===== EXTRACTED DATA =====
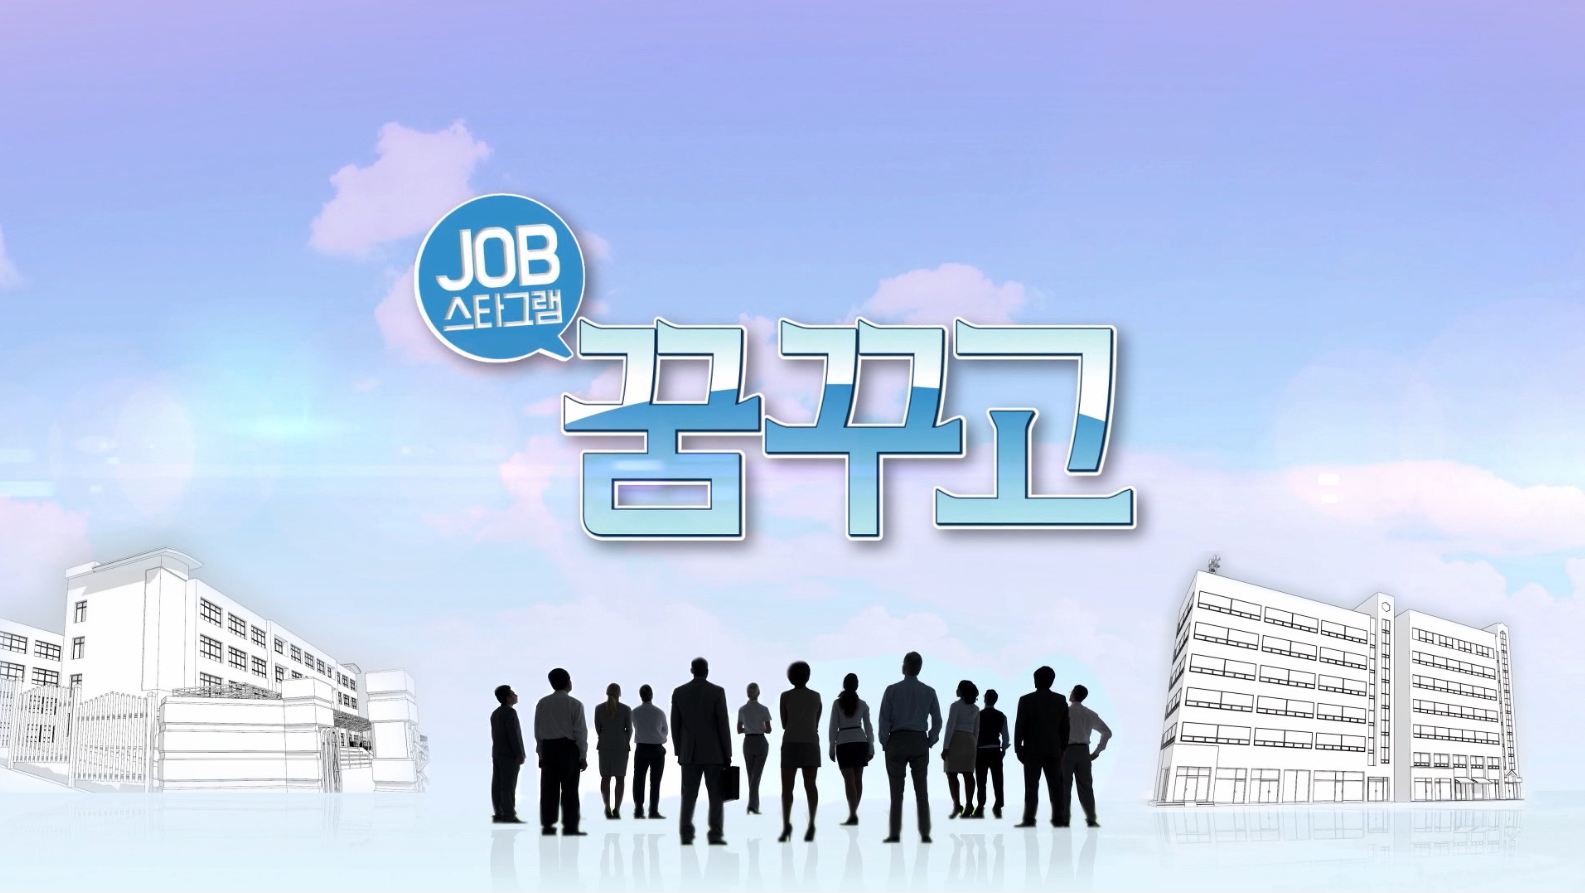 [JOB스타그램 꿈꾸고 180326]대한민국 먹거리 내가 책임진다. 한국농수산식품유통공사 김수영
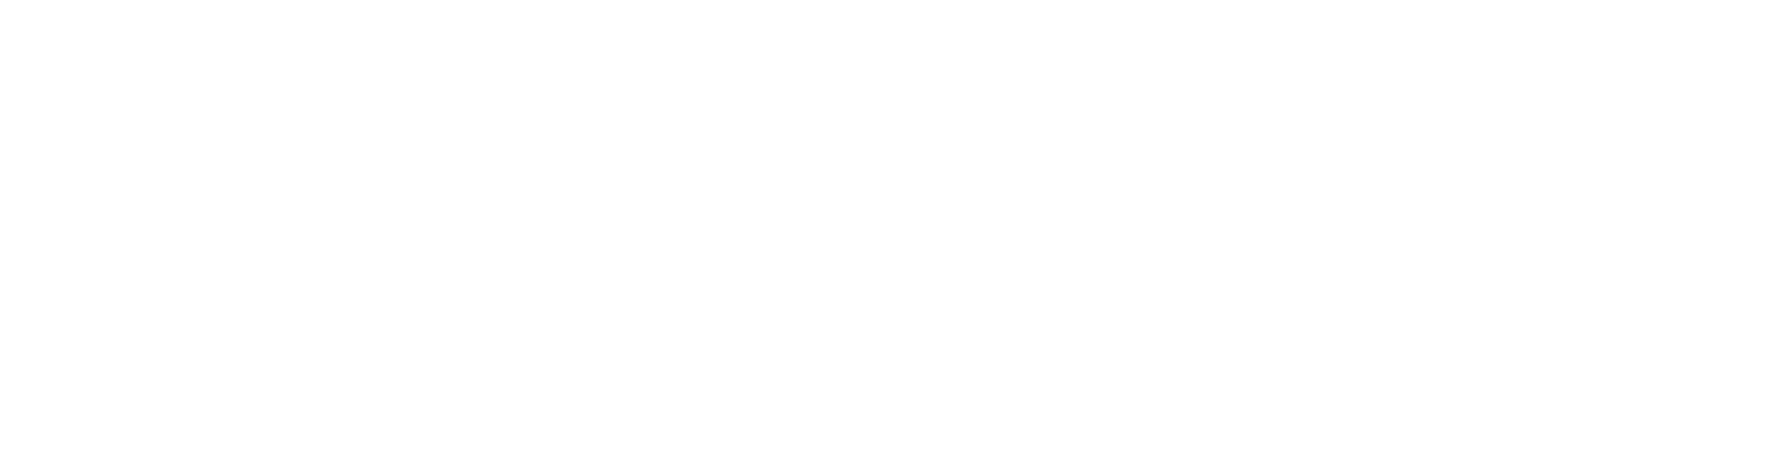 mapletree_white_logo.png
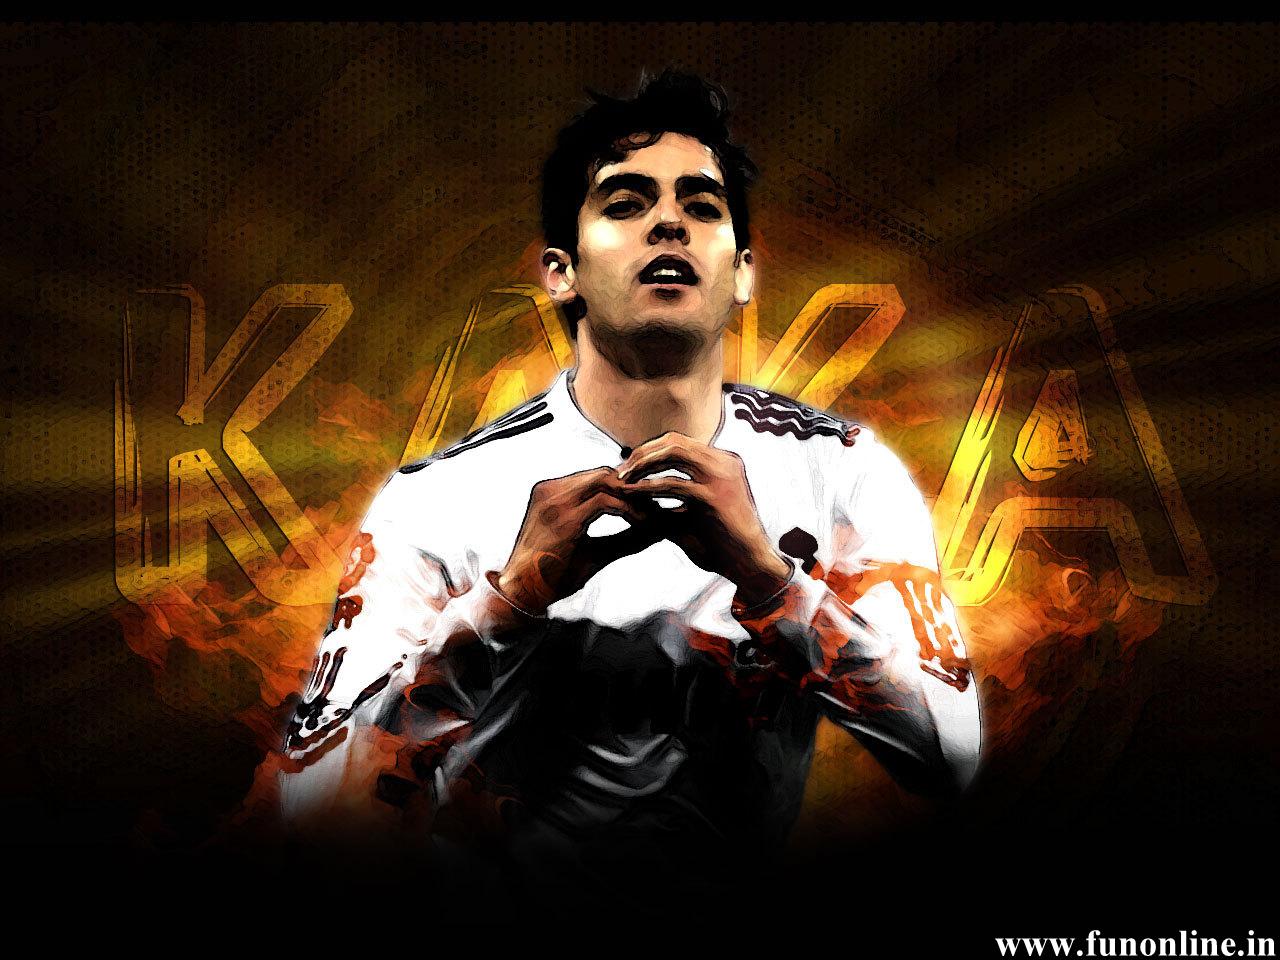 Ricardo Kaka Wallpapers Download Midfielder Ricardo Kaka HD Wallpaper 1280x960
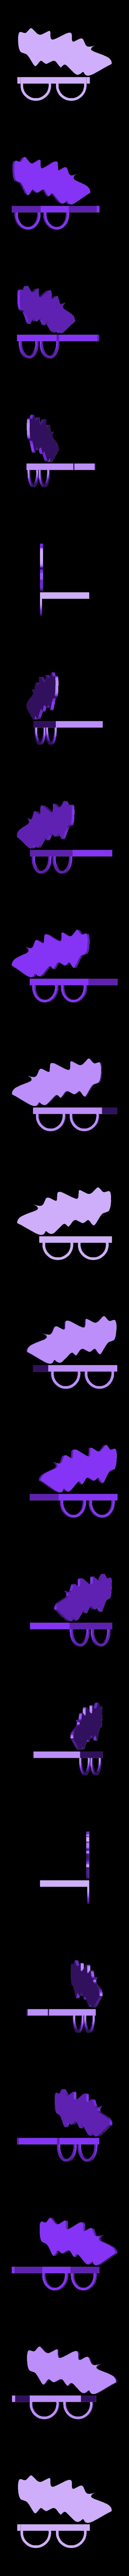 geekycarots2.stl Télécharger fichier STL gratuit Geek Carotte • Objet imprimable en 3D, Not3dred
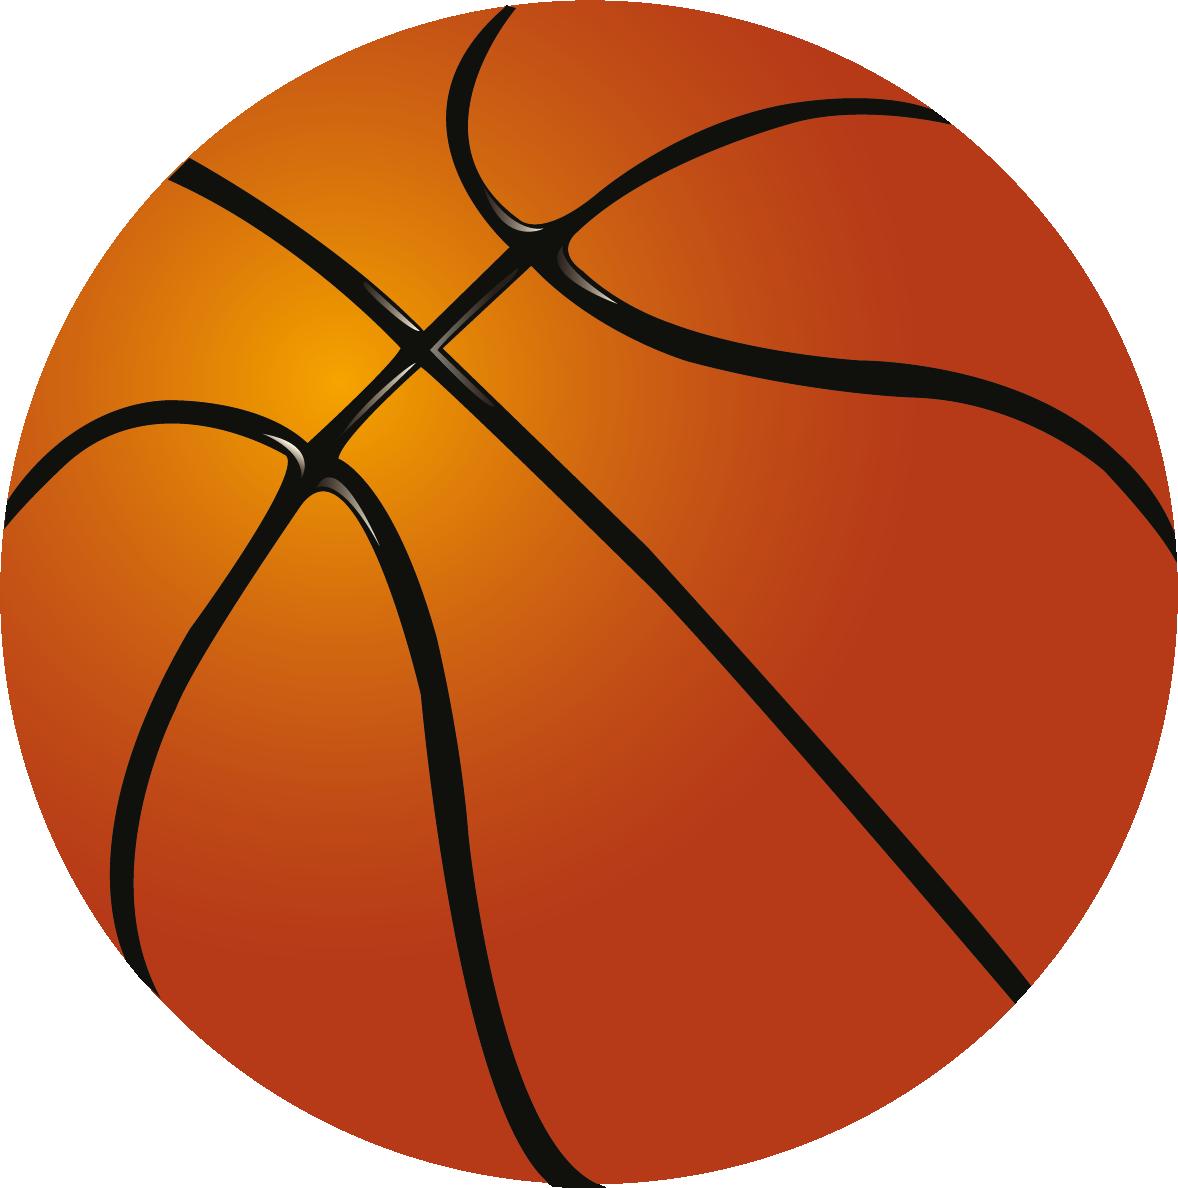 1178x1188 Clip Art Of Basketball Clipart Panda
=====
## PROBLEM DETAILS
Copy exactly the lines from the line containing "geekycarots2.stl Télécharger fichier" through the last line of the records, both included, and omit every picture.

## SOLUTION
 geekycarots2.stl Télécharger fichier STL gratuit Geek Carotte • Objet imprimable en 3D, Not3dred
 1178x1188 Clip Art Of Basketball Clipart Panda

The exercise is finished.